The rest of this email gets pretty heavy, so if you need cheering up, stick with the pear blossom. If you have the spoons, read on.
My mother is dying. Maybe a few weeks, maybe a few months. This was probably obvious from what I wrote last time, about dashing up to Scotland to see her, and that I’ve postponed a slew of podcast interviews and the planned Angelo smallsword video shoot.
Euphemism and denial have their place, but I do prefer plain talking, and facing things head-on. Here she is with my unreasonably tall nephew, at church on Easter Sunday. She was just well enough to go.
One major benefit of engaging with historical martial arts (at least the way I do it) is that we are constantly confronted with our own mortality, and by extension everyone else’s. Everybody dies, some sooner than others, despite what various billionaires and youtubers seem to think.
So this is a disaster, but a natural one, one we saw coming (she was diagnosed with stage four cancer four years ago). The world will change shape entirely for me and my family, but we will adapt. When my wife lost her mother, my mum told her “you don’t get over it, you just get used to it”. And I think she’s right.
My perspective on death was set when I was 17, and my best friend’s sister, who was a few months younger than me, dropped dead of a brain aneurism with no warning at all. Here one minute, gone the next. Hers was the first funeral I ever attended, and it has put every other death in perspective. Losing my grandma the following year was awful, but a different kind of loss entirely.

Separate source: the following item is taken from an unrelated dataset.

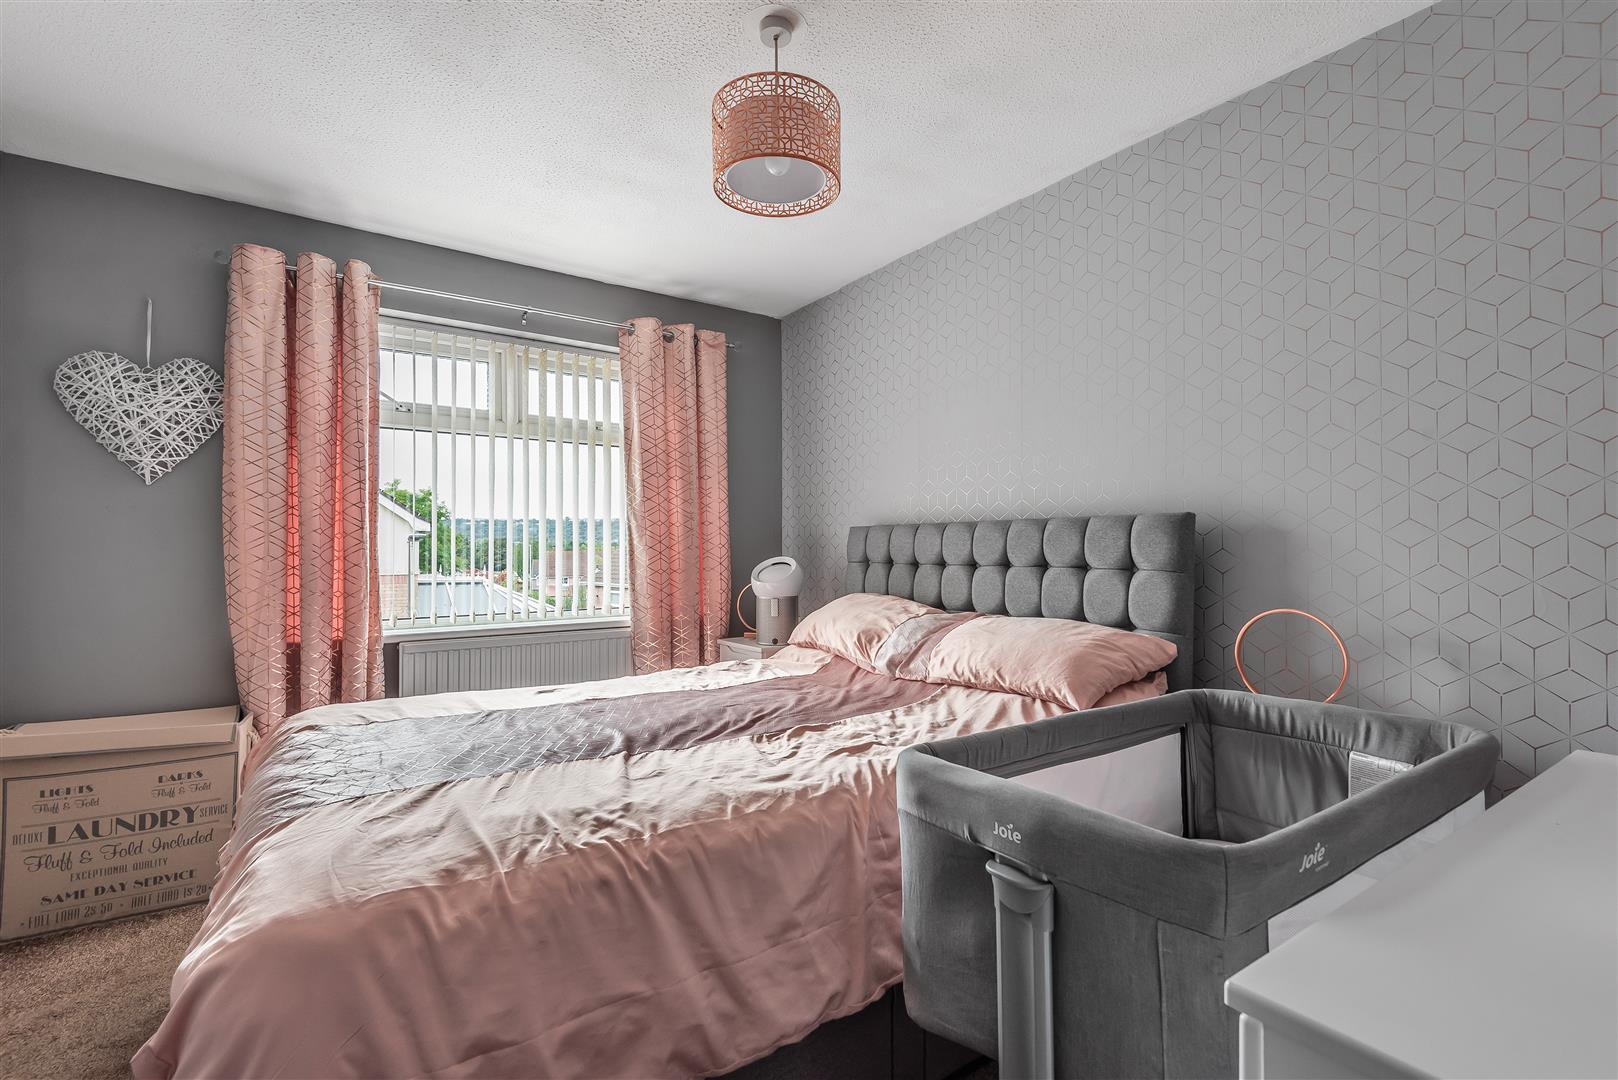 Midland Place, Llansamlet, Swansea, SA7 9QU
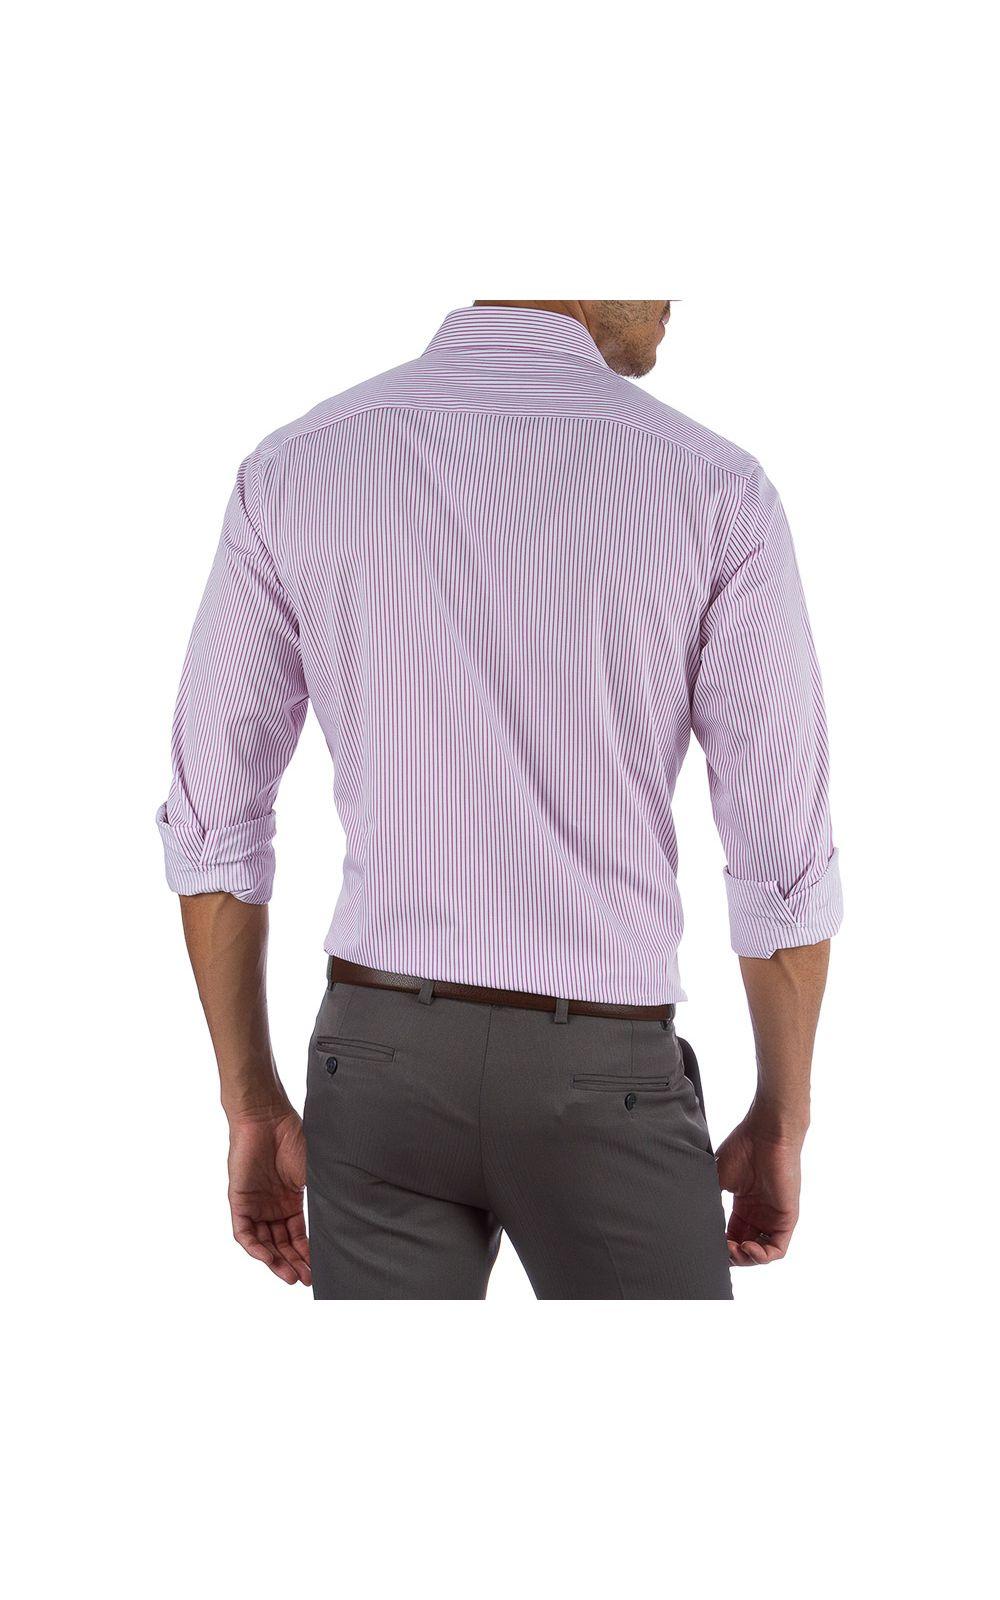 Foto 2 - Camisa Social Masculina Rosa Listrada

Things to be grateful for include:
- I actually love my mum and she loves me. I once turned up at a friend’s house and she told me her mother had just died but she didn’t care because she hadn’t spoken to her in 30 years. And she really wasn’t bothered. Grief is the price we pay for love, and it’s totally worth it.
- We’ve known this was coming for a while, and have taken advantage of the time.
- We have access to state-of-the-art healthcare, which kept her alive (and teaching piano) this long, and is now making a dreadful process as painless as possible.
- My mum has had a good run. She’s 85, has been teaching piano for forty years, and retired on March 23rd this year. She has three kids, and seven grandkids, all of whom have come to see her since we got the news.
- She still has all her marbles. A bit scatty from chemo-brain perhaps, but she’s 100% herself, and able to make clear decisions about things she cares about. Warming up croissants in the oven, not the microwave, for example.
- My brother, my sister, and I are all doing well enough professionally that we can take as much time off as we need to look after her while she’s still with us, and to deal with the aftermath when she’s gone. This would be so much harder if we had to be careful not to take too much compassionate leave because we might get fired.
Speaking of which, I’ll be working as and when I feel up to it, or have time, given that I’m prioritising looking after my mum over everything else. All deadlines are suspended, and while I hope there will be newsletters and podcast episodes, and I’ll make some progress on the Vadi Companion, the Angelo project, and the wiki (huge chunks of it are now at the “copy this, paste that” stage, so require time and attention but no creative juice), I’m making no promises.
Here’s irony for you. My mum is the most reliable replier to this newsletter by far. It startled me the first time she did it, as I wasn’t aware she was on the list. I’ll miss getting those replies.
Winter is long, dark and dreary, but the flowers do come in the spring.